§ **Instructions to follow**
Would you reproduce each line below exactly, leaving every picture out?

§ **Data excerpt**
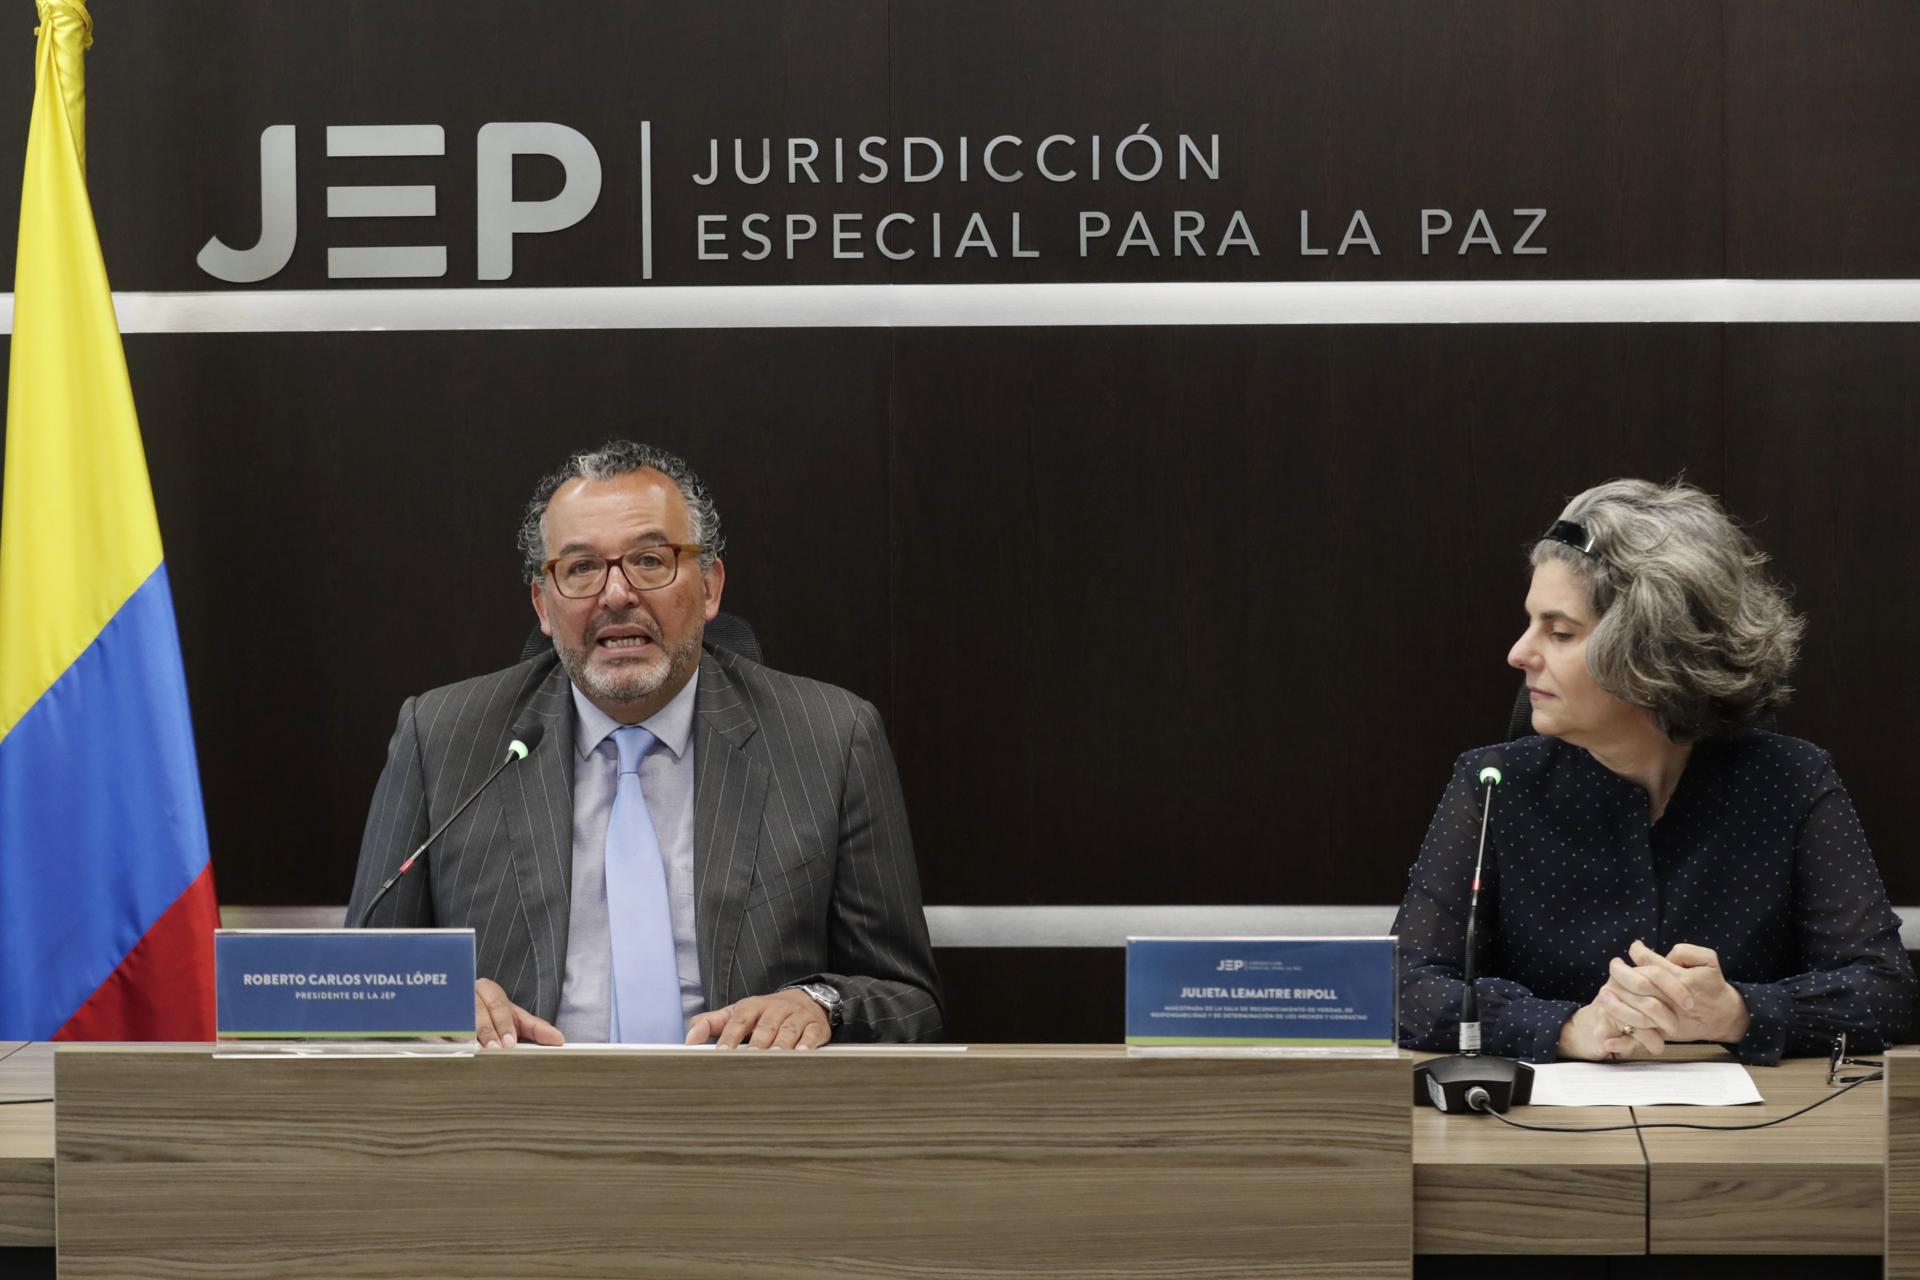 The chief justice of Colombia's Special Jurisdiction for Peace (JEP), Roberto Carlos Vidal (left), speaks alongside Judge Julieta Lemaitre during a press conference on 7 July 2023 in Bogota, Colombia, after war-crimes charges were announced against 10 ex-FARC mid-level commanders. EFE/Carlos Ortega
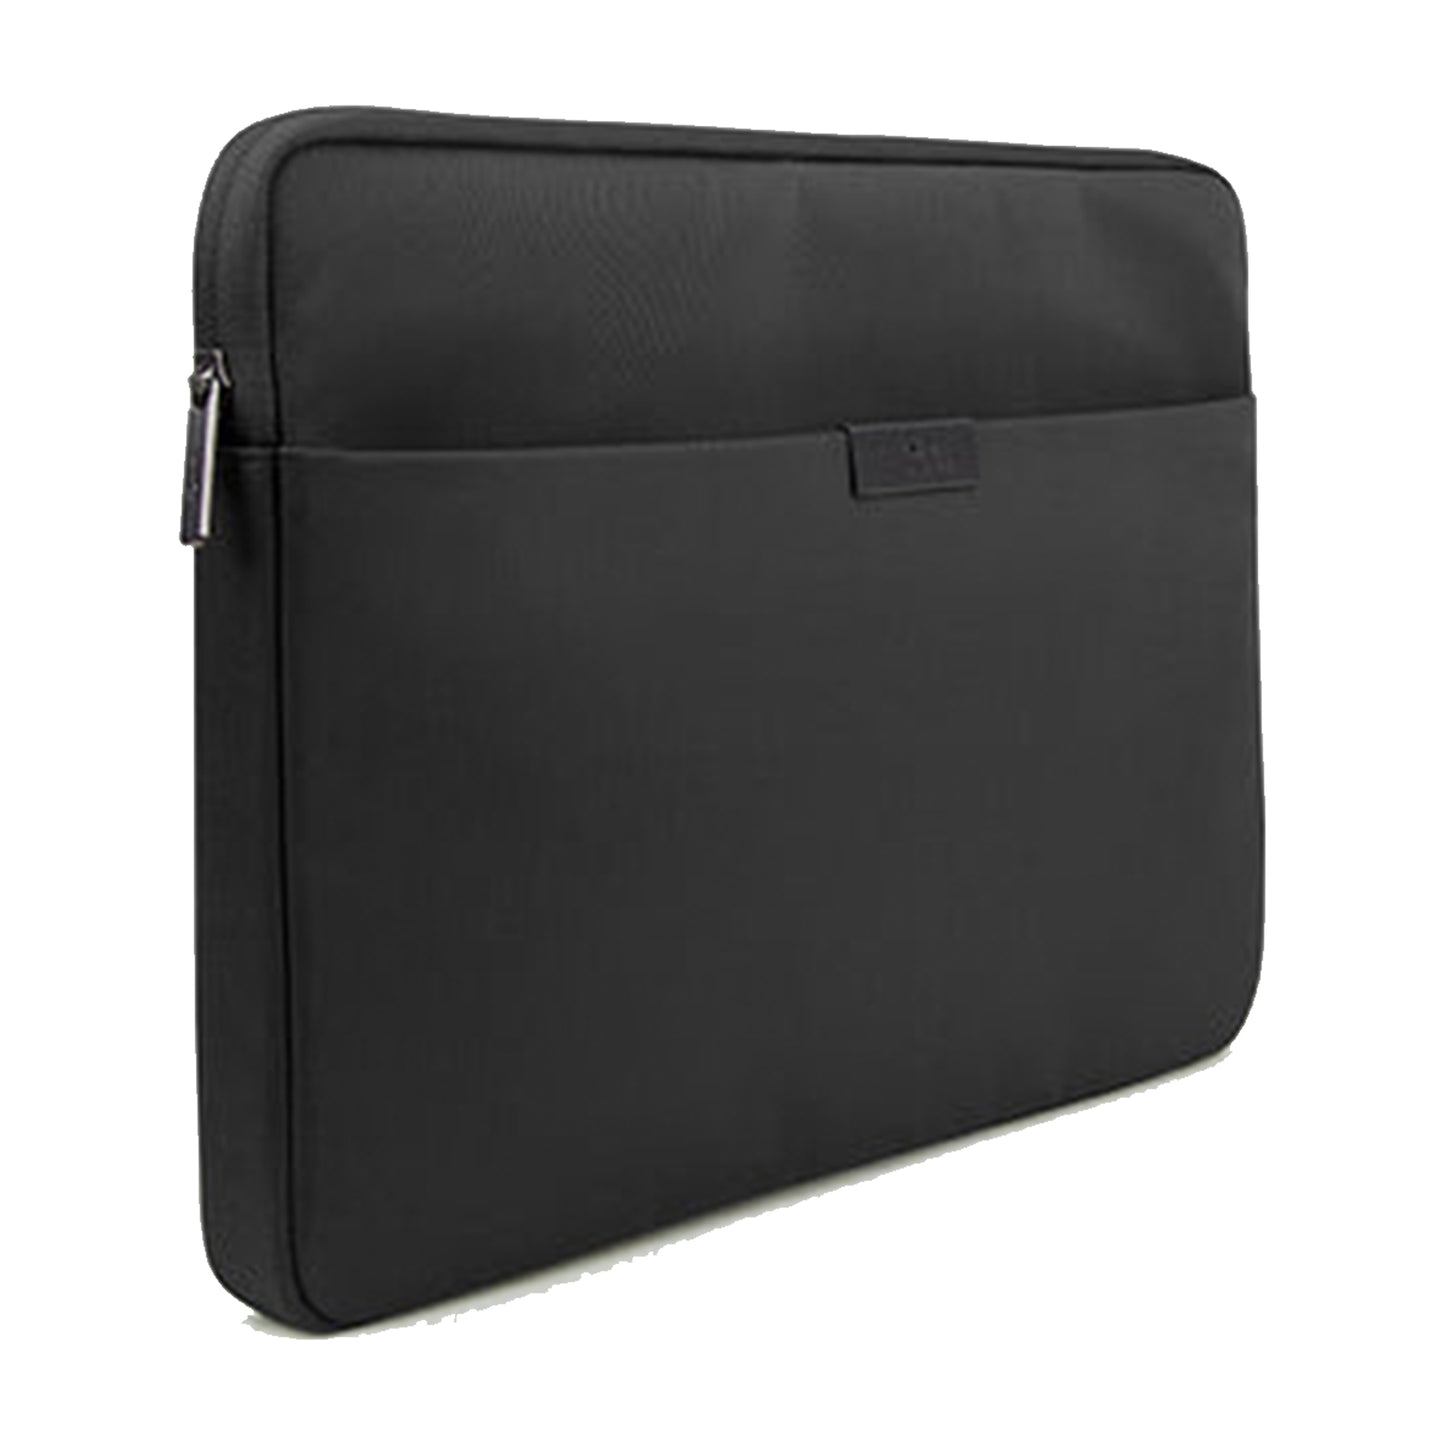 UNIQ Bergen Protective Nylon Laptop Sleeve for MacBook and Laptops Up to 16" - Midnight Black ( Barcode: 8886463680711 )
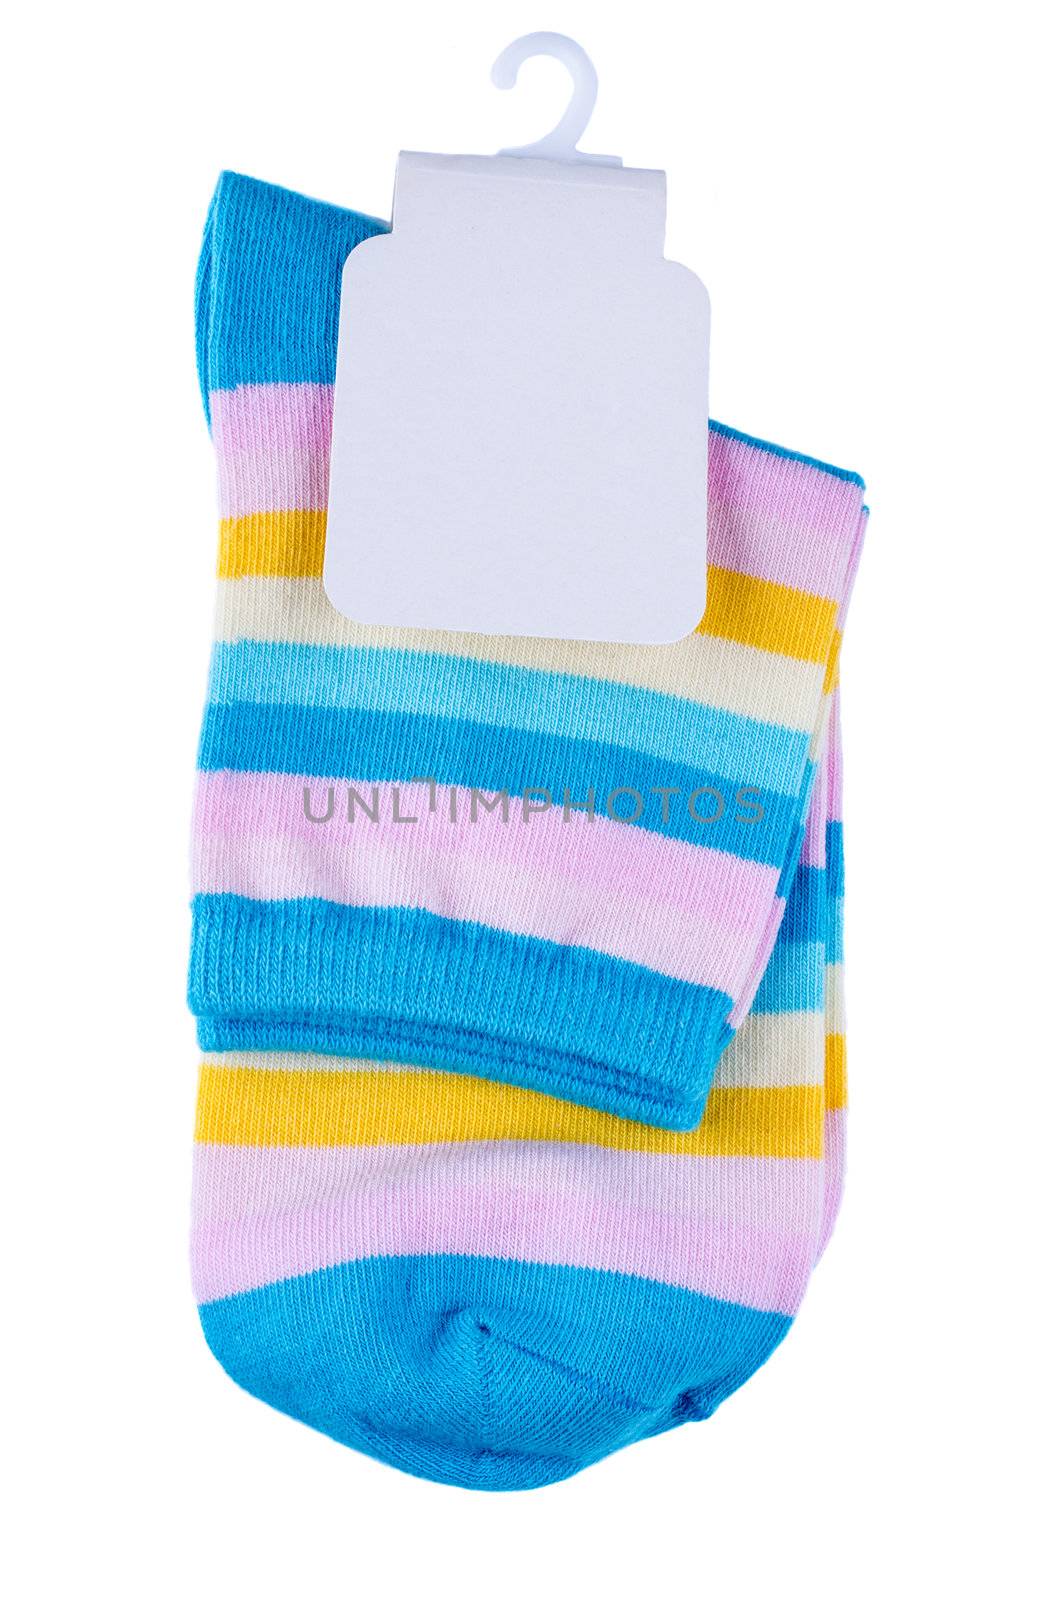 Multicolored striped socks with tag isolated

§ **Reply to the exercise**
 The chief justice of Colombia's Special Jurisdiction for Peace (JEP), Roberto Carlos Vidal (left), speaks alongside Judge Julieta Lemaitre during a press conference on 7 July 2023 in Bogota, Colombia, after war-crimes charges were announced against 10 ex-FARC mid-level commanders. EFE/Carlos Ortega
 UNIQ Bergen Protective Nylon Laptop Sleeve for MacBook and Laptops Up to 16" - Midnight Black ( Barcode: 8886463680711 )
 Multicolored striped socks with tag isolated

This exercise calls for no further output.